§ **Exercise data**
- Opening Delimiter -
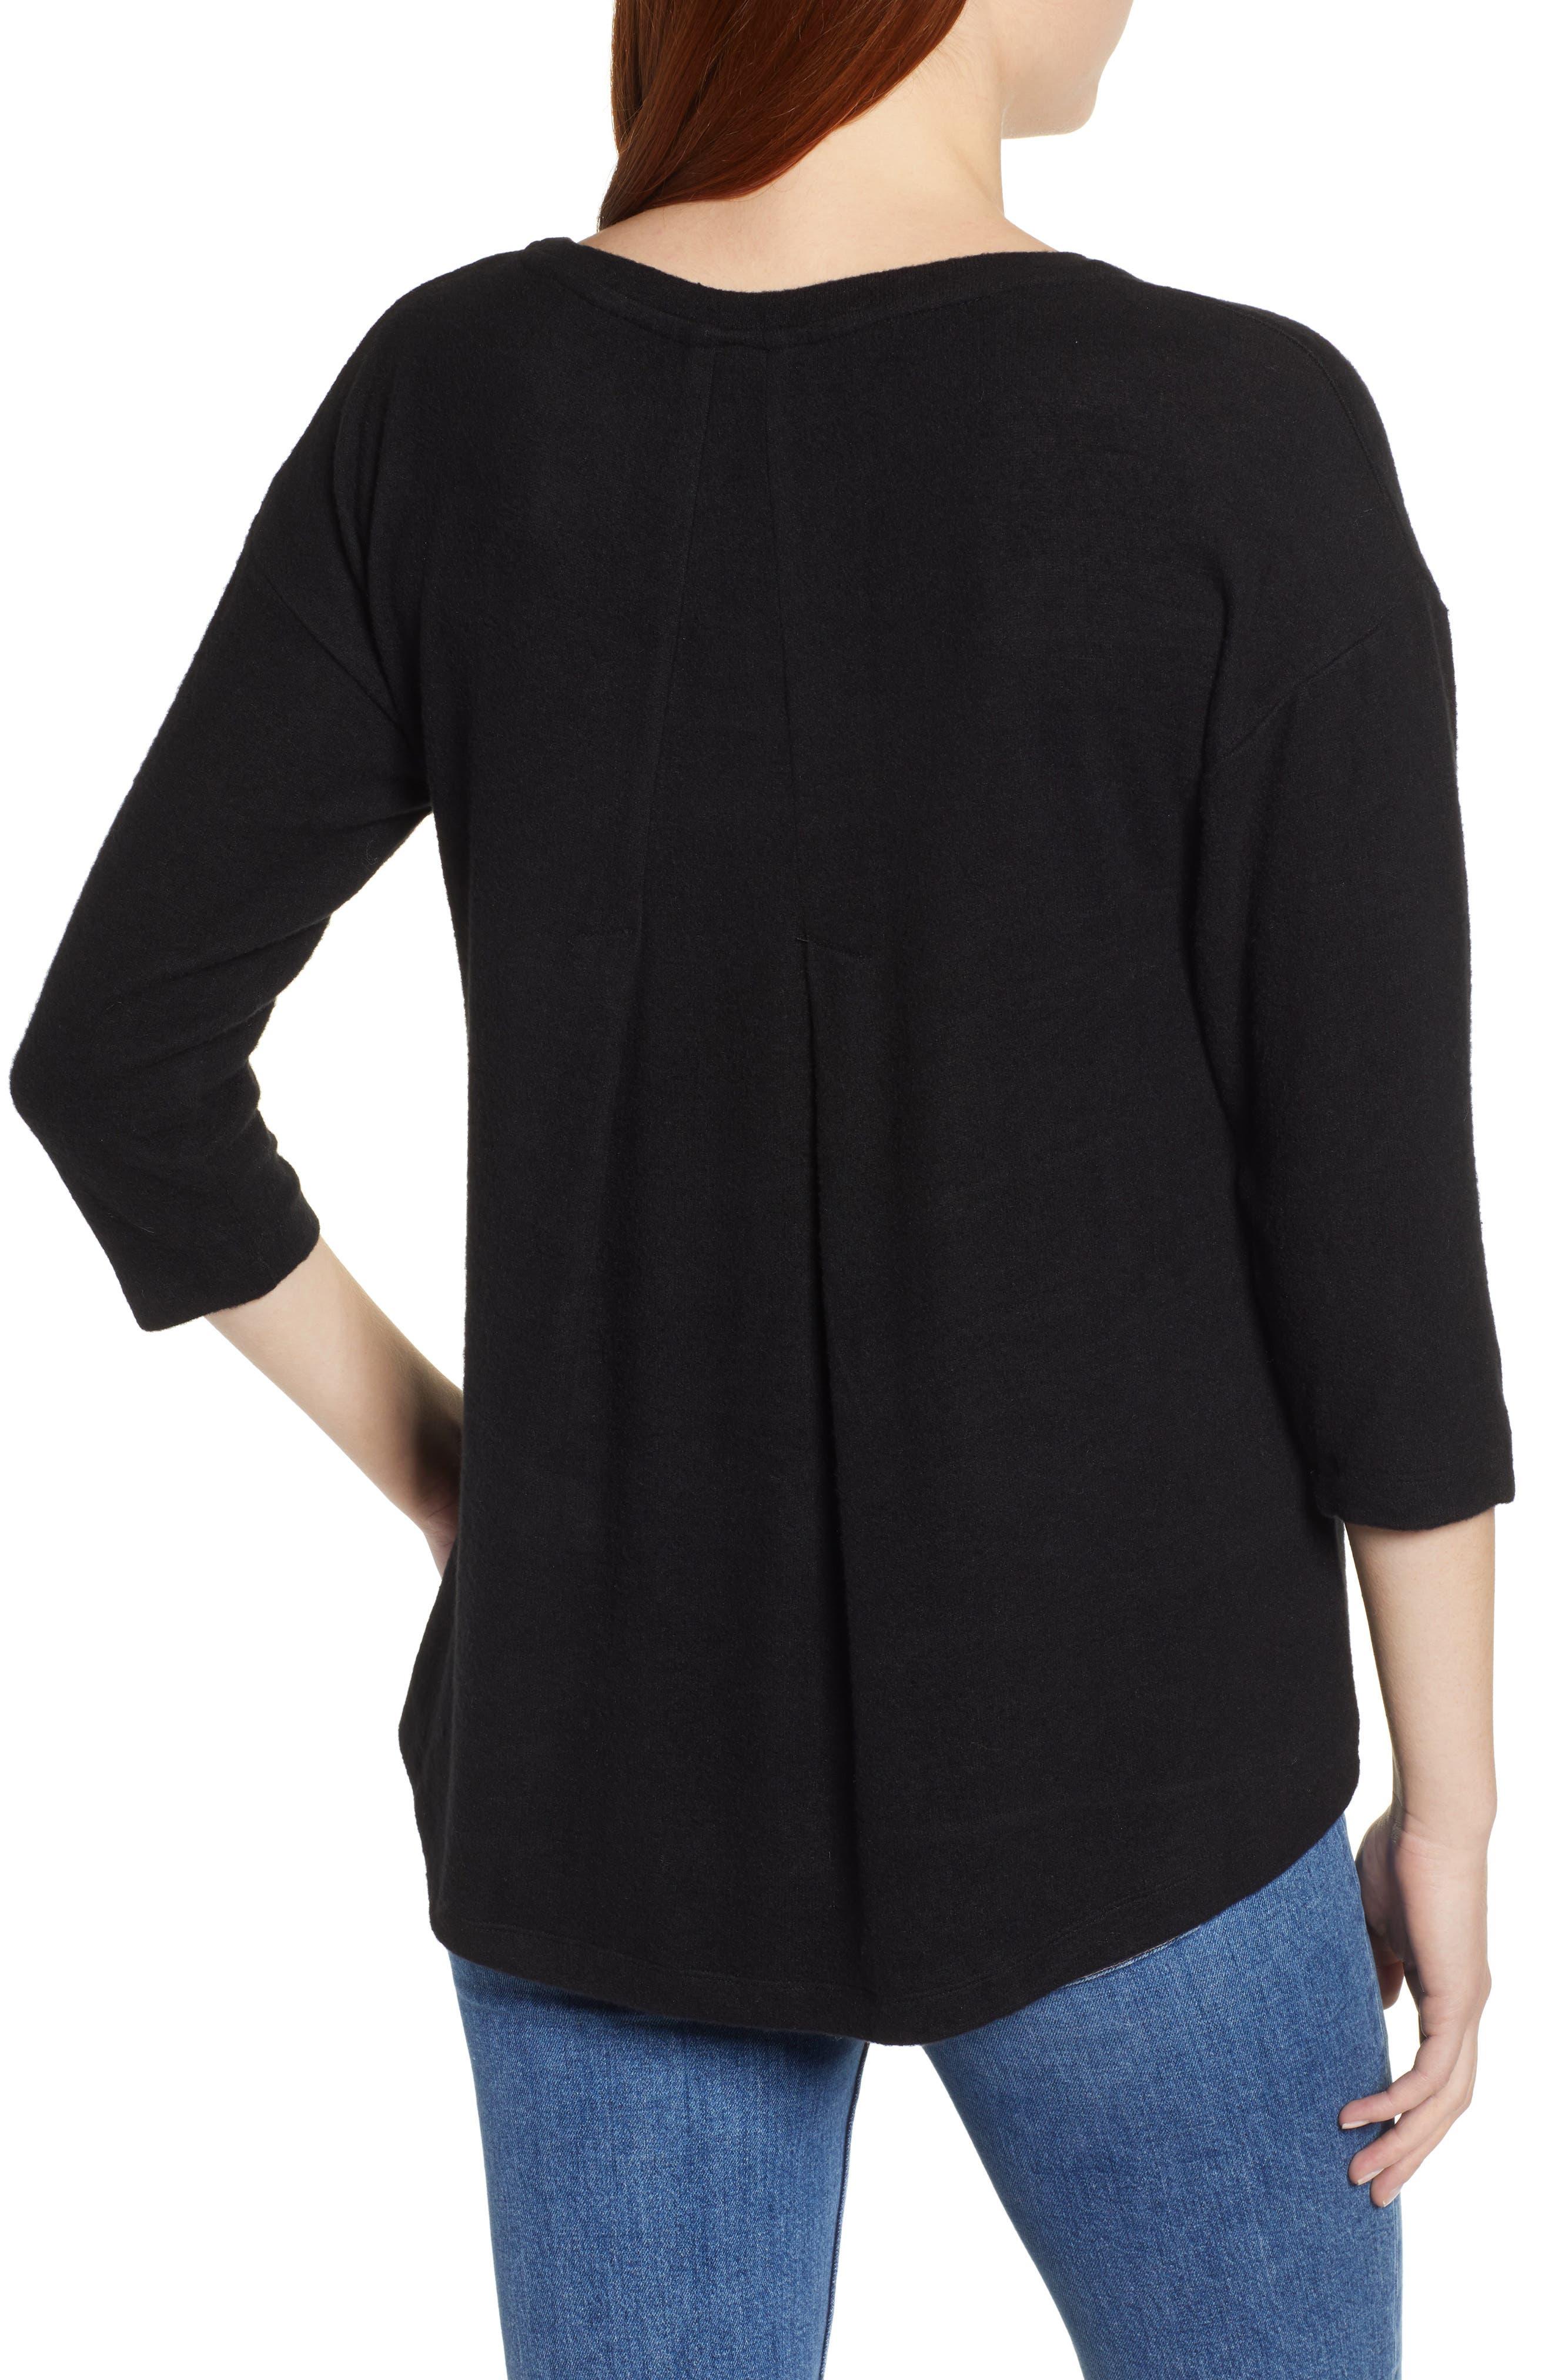 BOBEAU,                             Pleat Back Pullover,                             Alternate thumbnail 2, color,                             001
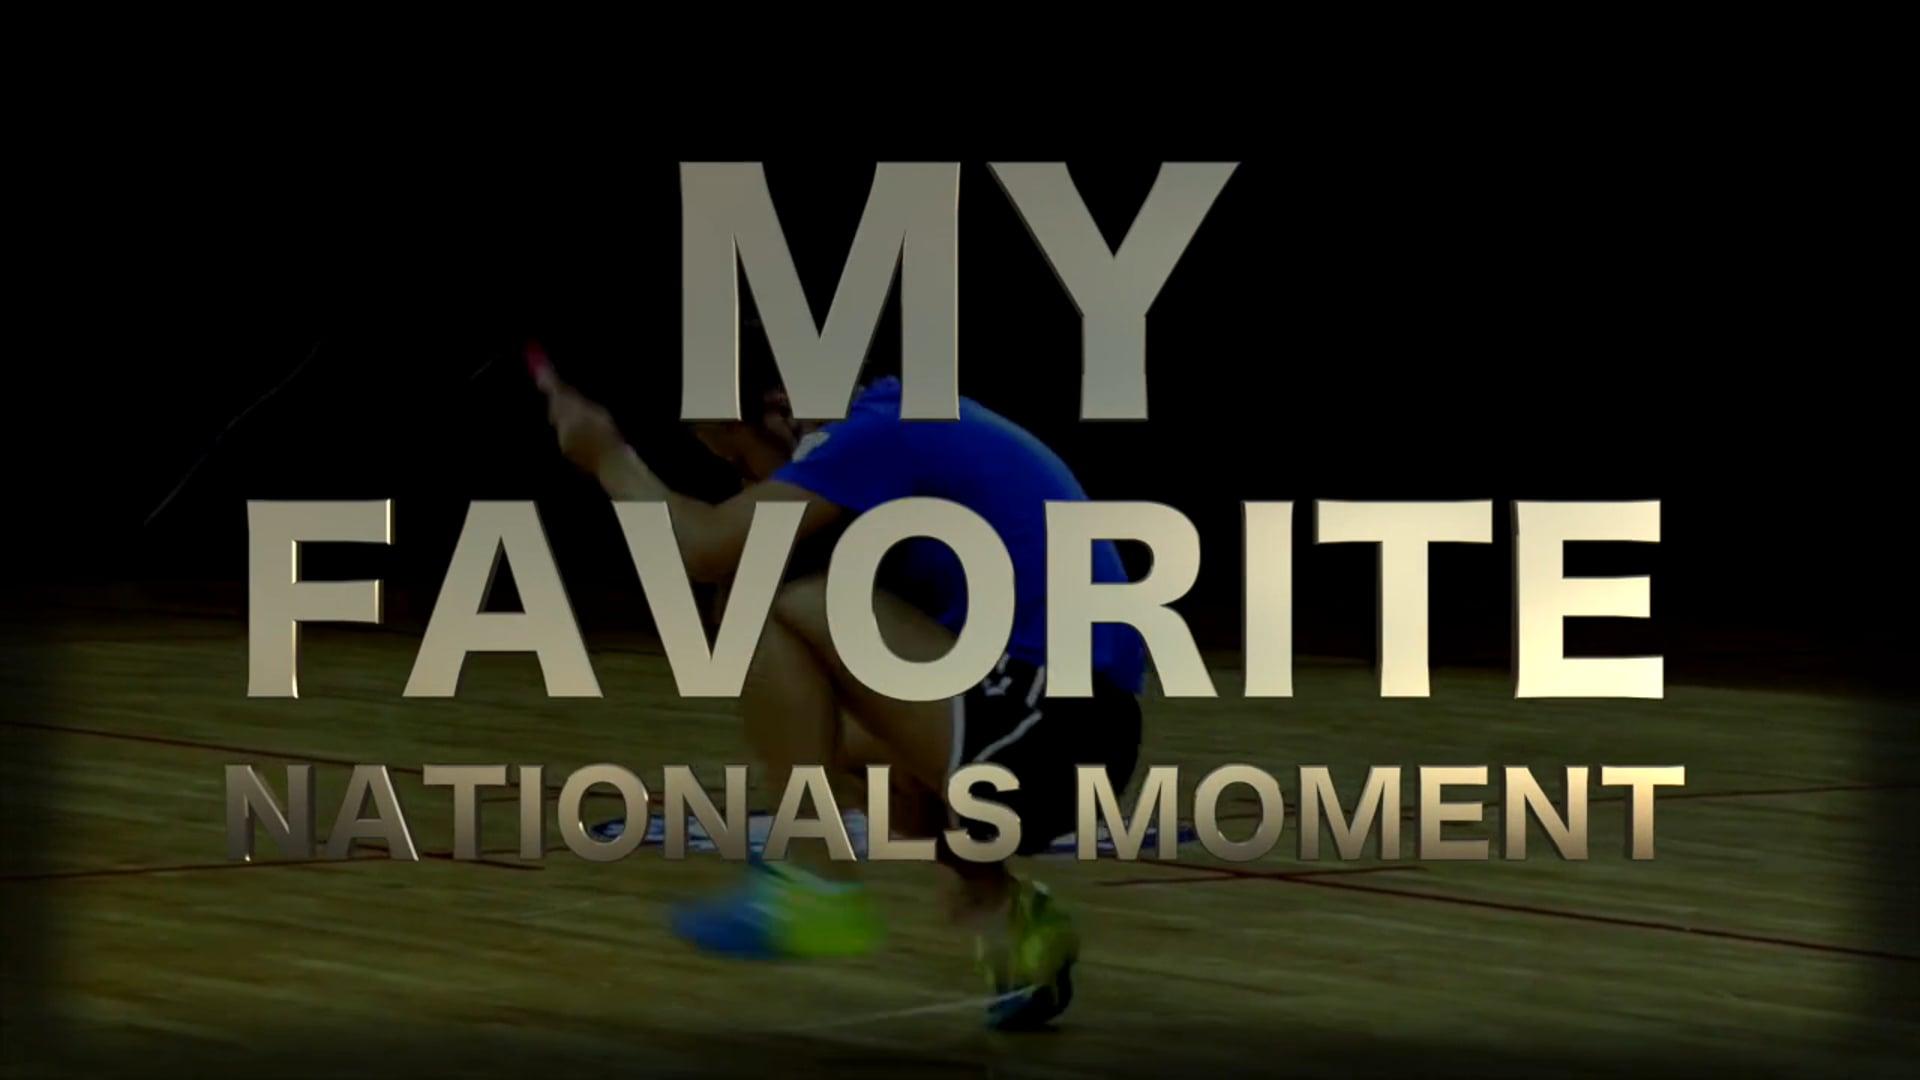 My Nationals Moment - Brett
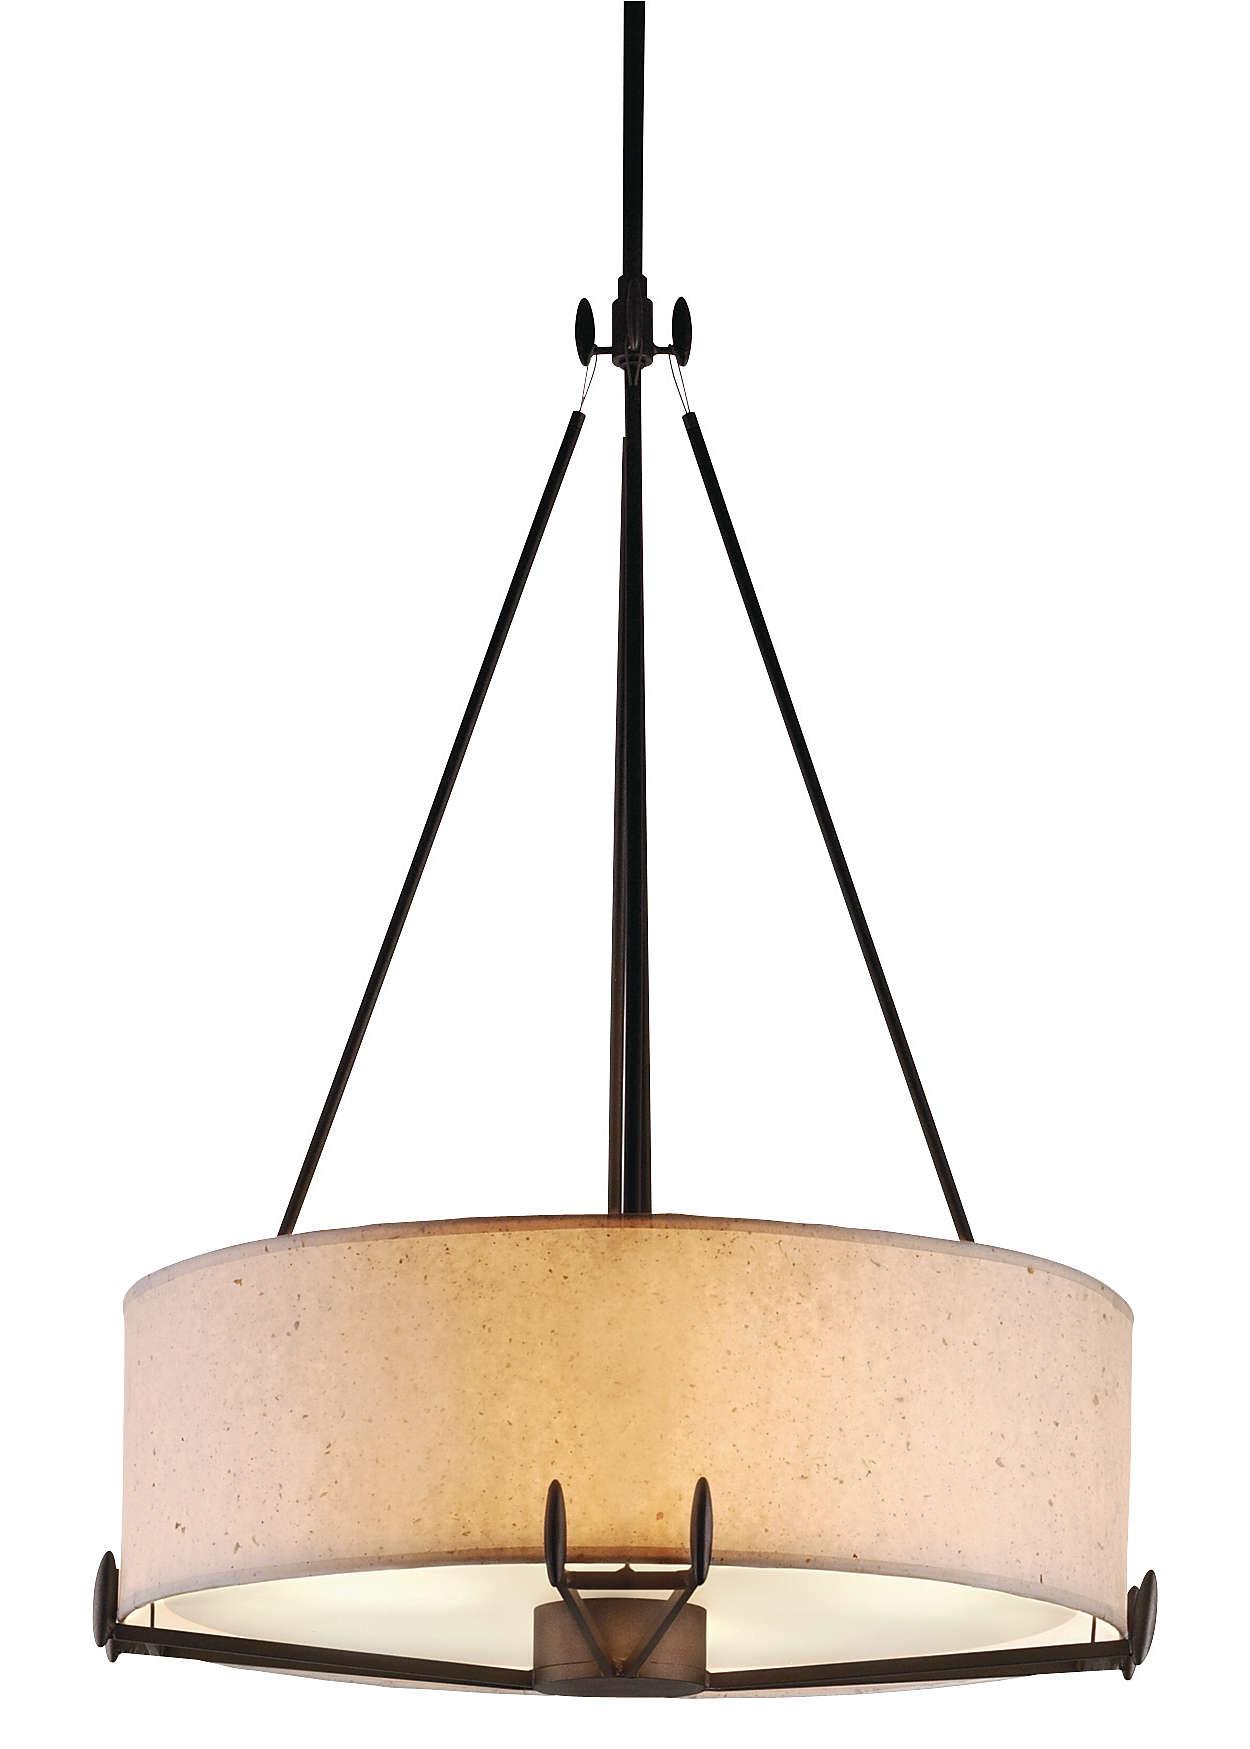 Urban Oasis 4-light Pendant, Bronze Luster finish
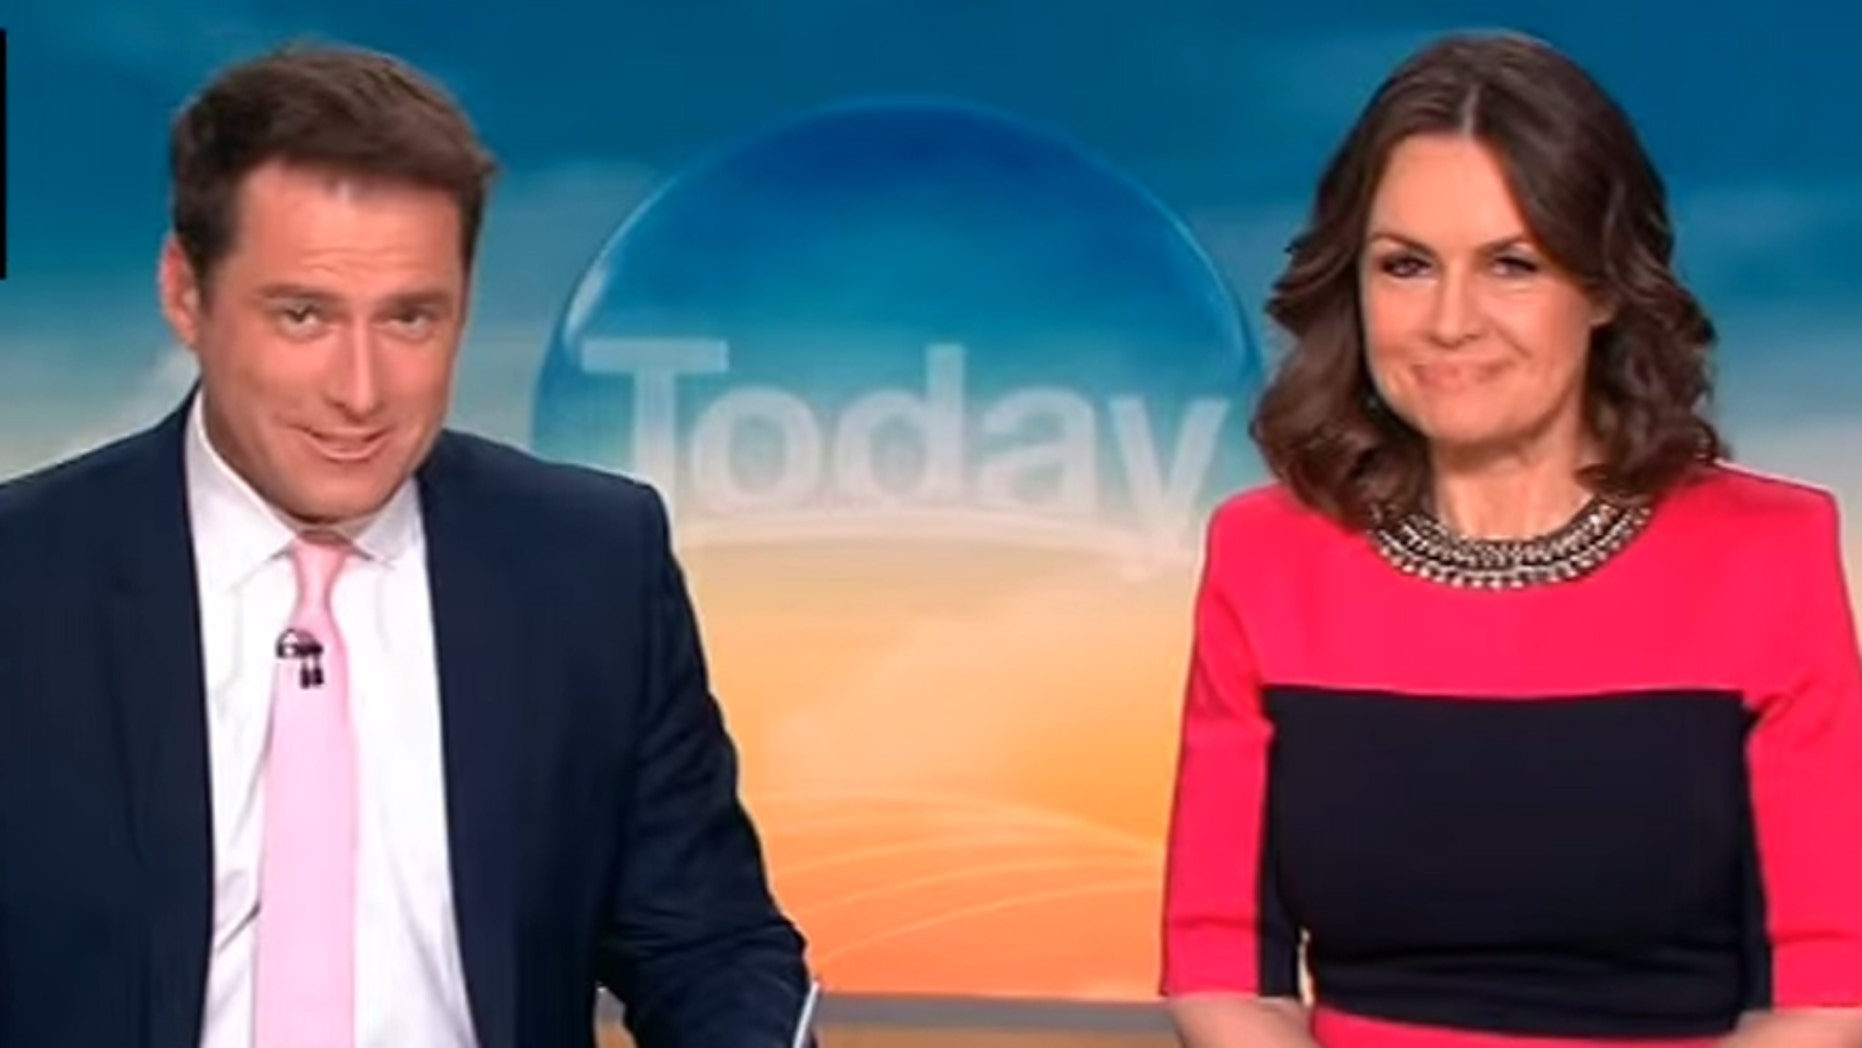 Karl Stefanovic wears his suit on 'Today' Australia.
- Closing Delimiter -
§ **Goal of the exercise**
The span to retype runs from the line containing "My Nationals Moment - Brett" through the last line of the listing above, both ends included; copy it exactly, without pictures.

§ **Result of this task**
 My Nationals Moment - Brett
 Urban Oasis 4-light Pendant, Bronze Luster finish
 Karl Stefanovic wears his suit on 'Today' Australia.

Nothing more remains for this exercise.